(a) By induction. If there is only one element in $A$ then it is the largest. Suppose there is a largest element for any finite set of cardinality $n-1$ . If $A$ has $n$ elements, and $x\in A$ , then $A-\{x\}$ has the largest element $y$ (by induction), and $y$ is the largest element of $A$ if $x<y$ , otherwise $x$ is the largest element of $A$ .

(b) The bijection is constructed by induction: if $A$ has $n$ elements and for all ordered finite sets of cardinality $n-1$ the fact is proved, we simply take $b$ , the largest element of $A$ , and extend the order preserving bijection $f$ of $A-\{b\}$ with $\{1,\ldots,n-1\}$ (the existence of which is assumed by the induction hypothesis) by letting $f(b)=n$ .
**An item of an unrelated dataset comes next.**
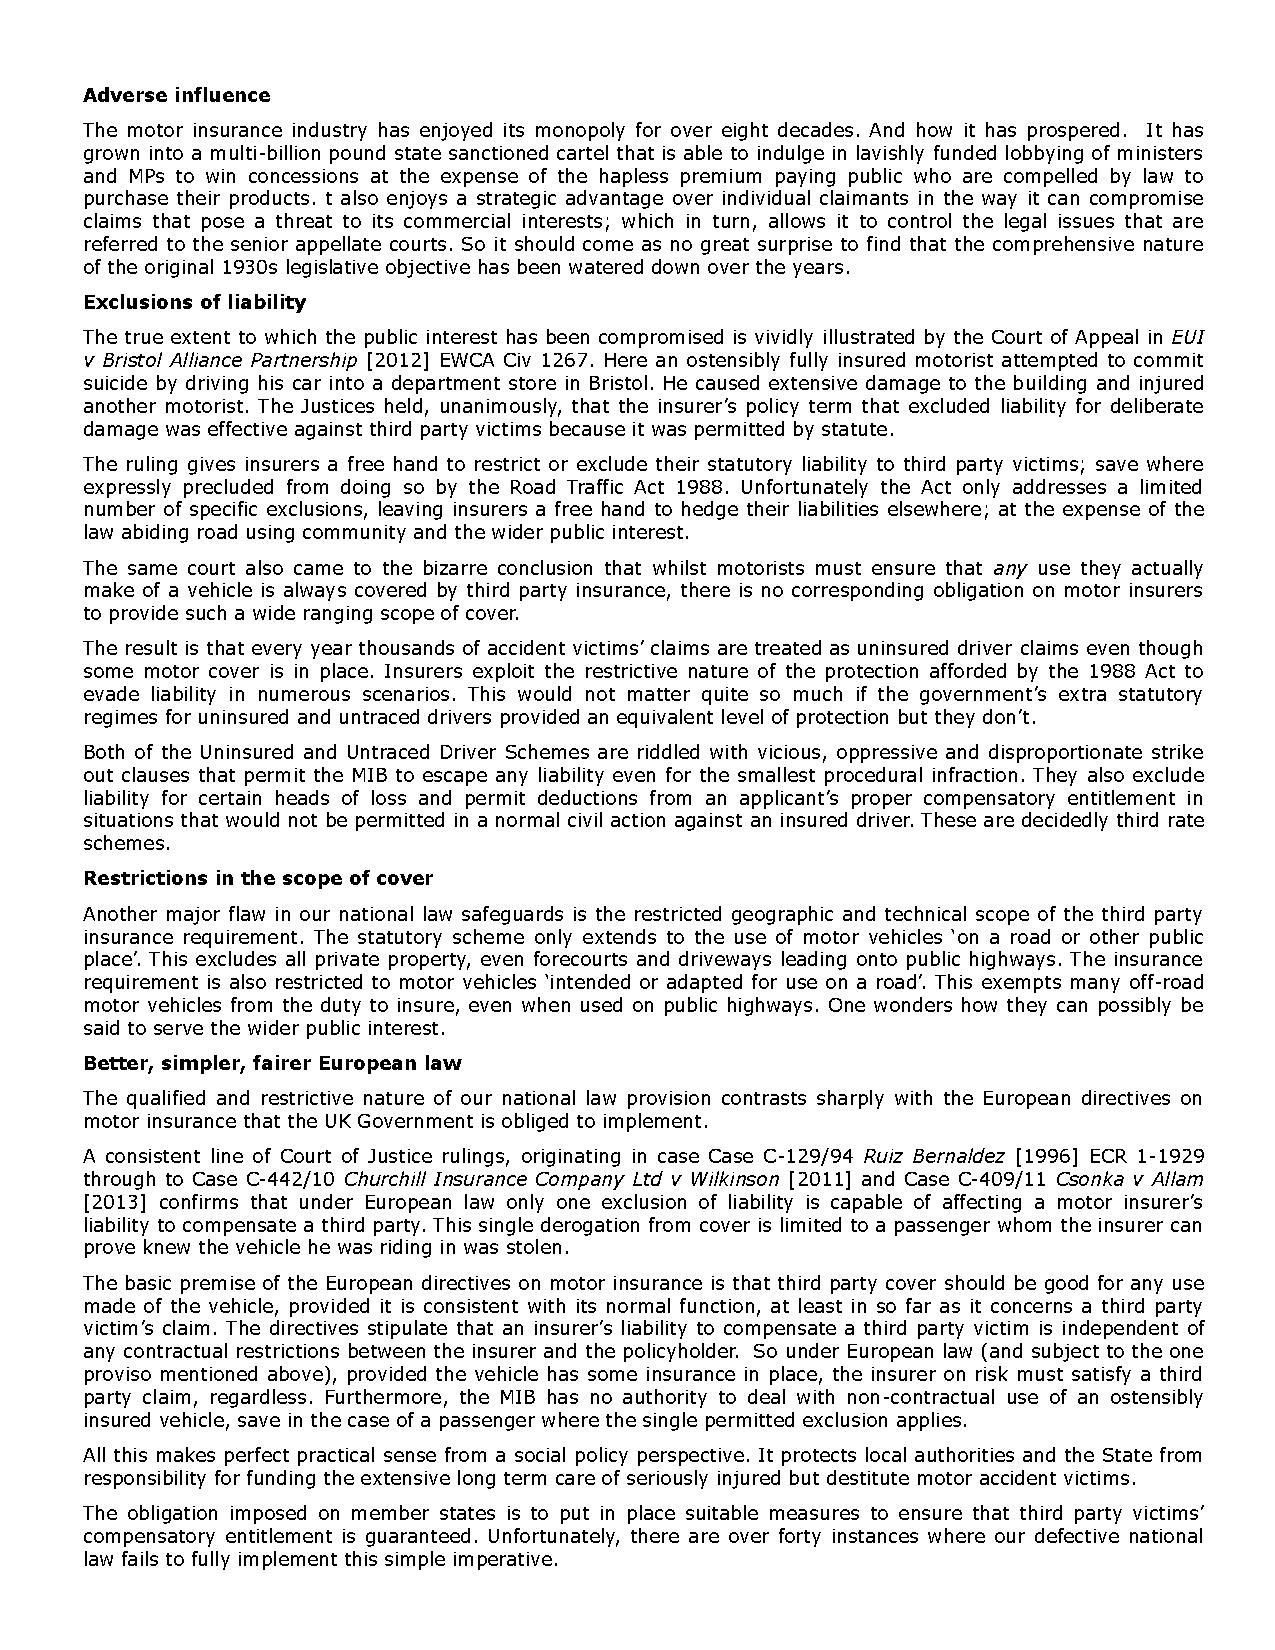 Nicholas Bevan Motor Insurance Reform Powerpoint Presentation Ppt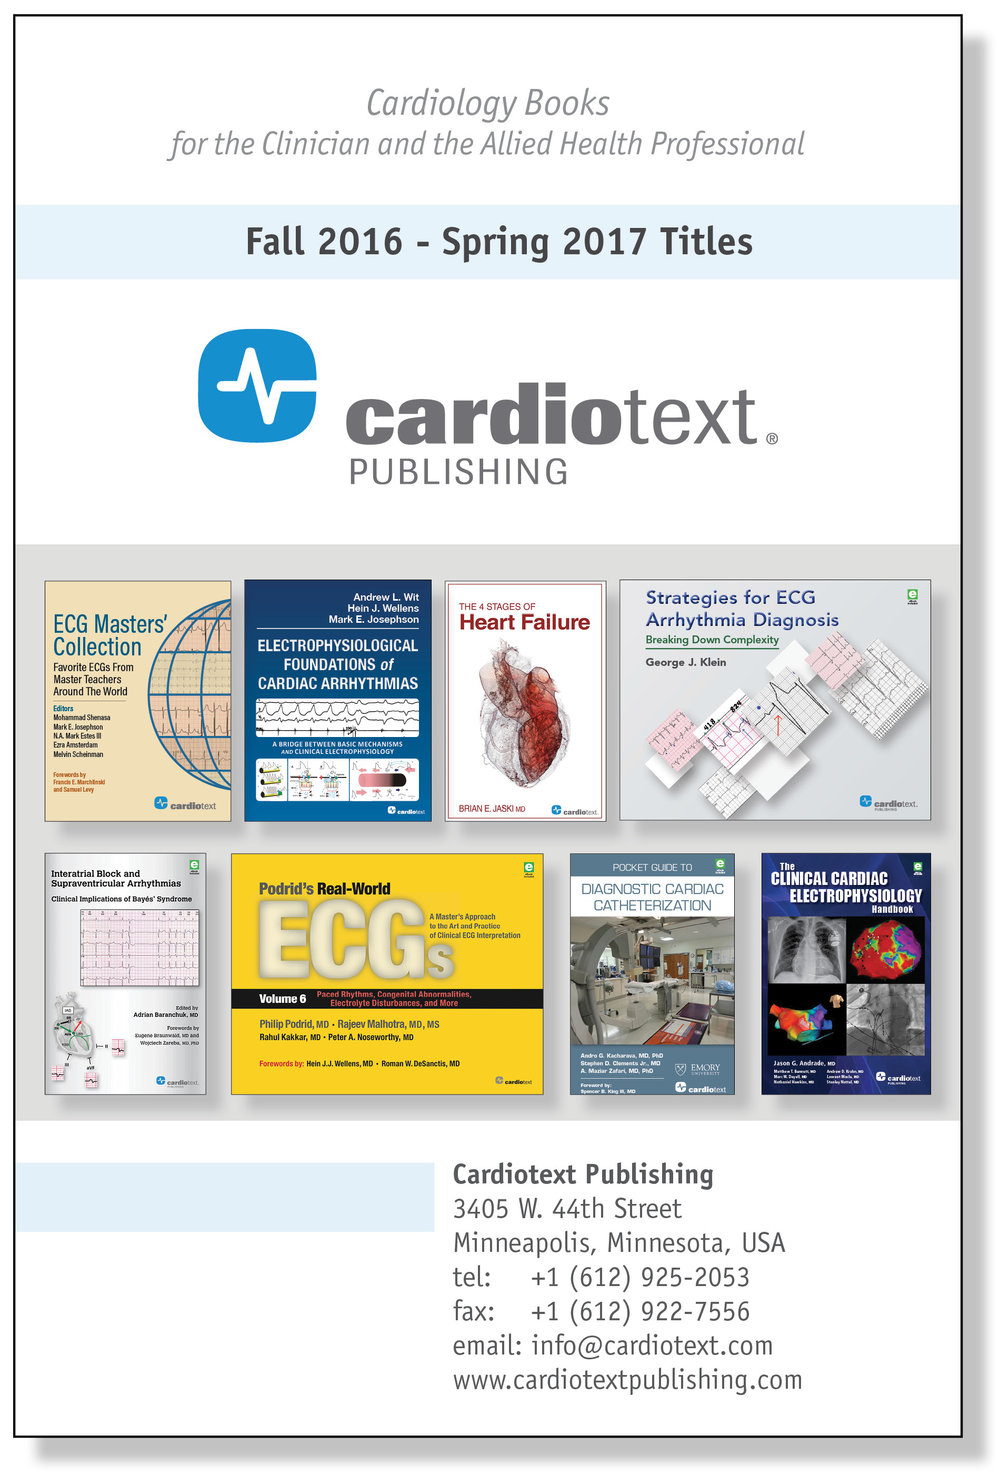 Cardiotext Publishing Fall/Winter 2016-2017 Catalog [PDF]

A more interesting approach is to define $f$ without induction: $f(a)=$ the cardinality of $S_{a}=\{x\in A|x\le a\}$ . $S_{a}$ is a non-empty subset of $A$ ($a\le a$ ), so, it has cardinality form $1$ to $n$ (Corollary 6.6). Further, if $a<b$ , then $x\le a$ implies $x\le b$ , and $b\not\le a$ , i.e. $S_{a}\subsetneq S_{b}$ , and $f(a)<f(b)$ (Corollary 6.6). Overall, we have an injective function $f$ from $A$ to $S_{n+1}$ , but we also have a bijective function $g$ from $A$ to $S_{n+1}$ ($A$ has cardinality $n$ ), so that $f$ must be bijective ($f\circ g^{-1}$ is a bijective correspondence of $S_{n+1}$ with the image set of $f$ ).